When It Comes to Retaining Customers, It May Be Best to Leave Them Alone

05.23.2015
Small Business

New research shows why less really is more sometimes

When thinking about the best way to retain their customers, companies often develop recommendation programs, giving them a chance to explore more attractive rates and alternative pricing plans.

A new study from Columbia Business School, however, suggests that sometimes this is the wrong approach. Surprisingly, encouraging some customers to switch plans can increase rather than decrease customer turnover.

“Companies are spending heavily on proactive retention campaigns to keep their customers with them for longer,” says Eva Ascarza, co-author of the research and an assistant professor of marketing at Columbia Business School.

“But, in fact, many of these efforts are actually having the opposite outcome.”

Study Design

To draw their conclusions, researchers separated 65,000 customers into two groups; some were offered plan recommendations and others were not. The researchers used a retention campaign similar to many developed in industries such as telecoms, cable TV, credit cards, online services, insurance, and health clubs.

For companies in these sectors, high levels of attrition and rising costs for acquiring new customers can hurt profitability. The annual churn rate for wireless telephone providers, for example, is between 15% and 30% worldwide, costing companies up to $10 billion annually, according to some estimates.

Therefore, the ability to retain customers over a long period of time offsets the cost of retention campaigns offering cheaper rates with better benefits. But this study shows that while, in theory, this might make sense, the implementation of these programs might actually backfire with today’s customers.
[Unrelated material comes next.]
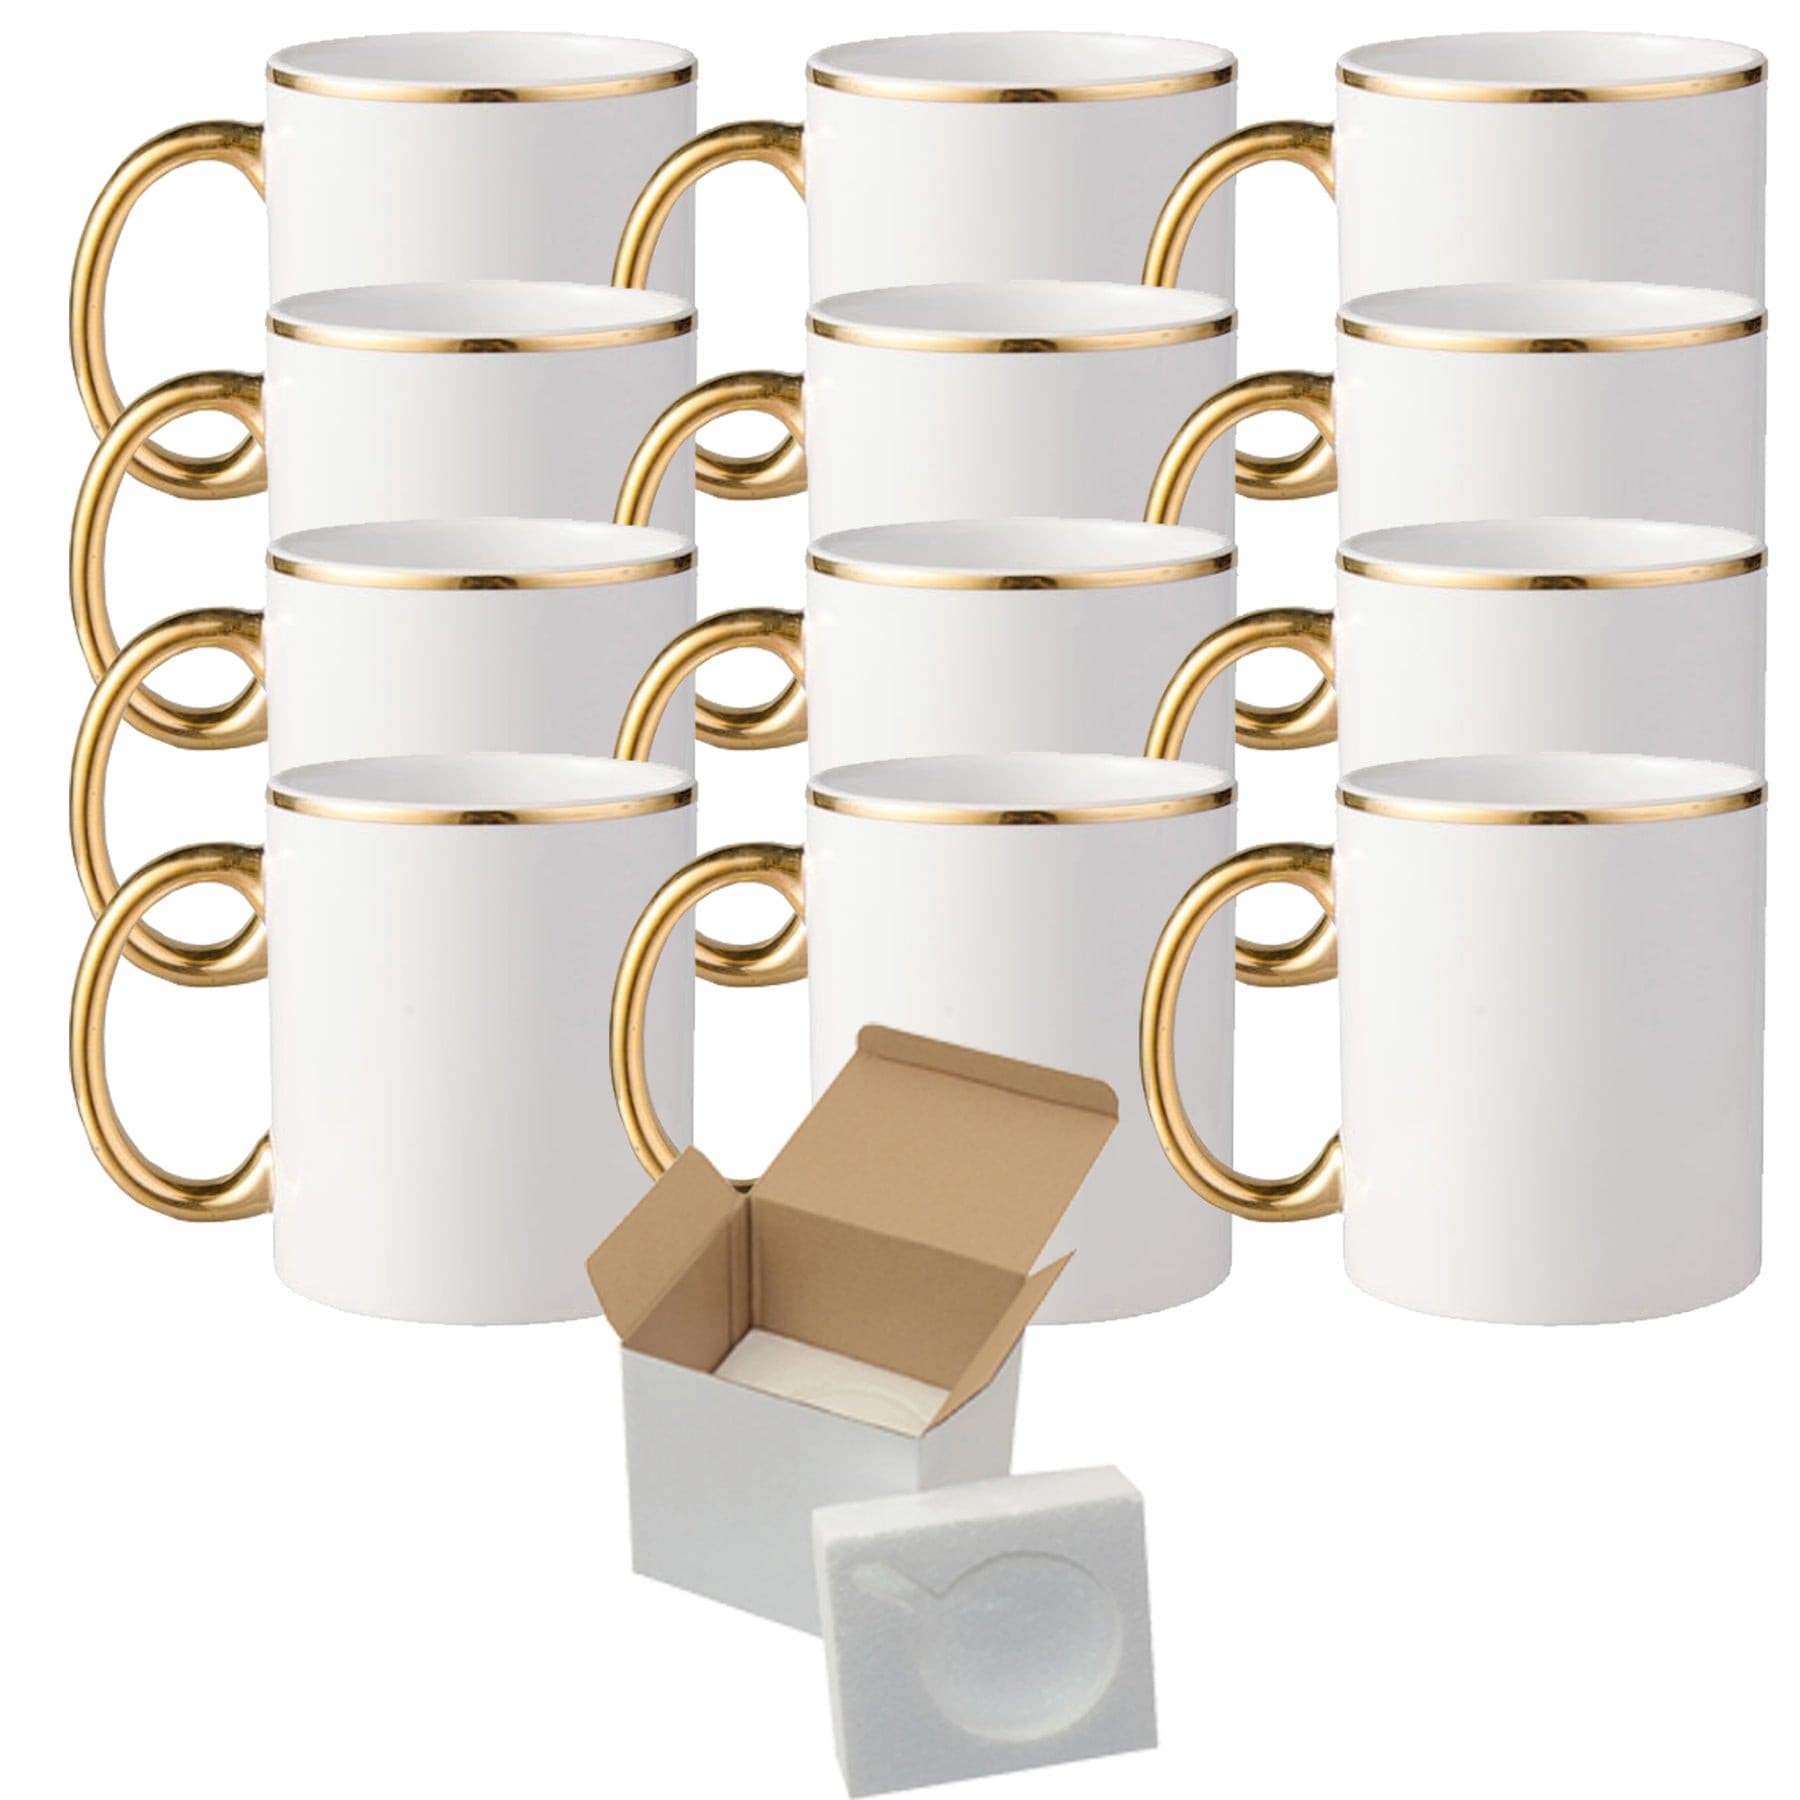 creative blank sublimation mugs 15 oz

The paper, “The Perils of Proactive Churn Prevention Using Plan Recommendations: Evidence from a Field Experiment,” is published in the Journal of Marketing Research and co-authored by Columbia Business School Ph.D. candidate Martin Schleicher and Wharton Professor Raghuram Iyengar.

The research involved 65,000 customers of a South American wireless communications firm. Some of the participants were randomly selected to receive a recommendation for a plan that was predicted to save them money based on their past behavior, and others did not receive the same encouragement.

A Wakeup Call You Don’t Want to Send

As a result, only 6% of the customers who were not offered a plan suggestion left the supplier within the first three months after the program was launched. However, 10% of those that were given a recommendation left the company high and dry.

The reason? First, the research found, for customers with volatile consumption patterns who may have trouble keeping track of their spending, the offer of a plan upgrade may have the effect of alerting them to how much they are spending, prompting them to leave their provider.

“It’s a wakeup call,” says Ascarza. “And instead of reducing consumption, they say, ‘I’m out of here.'”

Inertia may be another factor, since it is a primary reason many people stick with a plan.

The researchers argue that lowering inertia levels may cause customers to reexamine their options, possibly prompting them to leave their service provider altogether and sign up with a competitor.

Rather than offering a plan to all customers, the researchers argue that selecting the right customers to target could result in lower customer churn than encouraging every “suboptimal” customer to change plans.

“We are in no way saying every marketing intervention is bad,” says Ascarza. “But, what you have to do is really decide which customers you’re going to talk to: and we show that for customers with certain characteristics, it’s simply better to leave them alone.”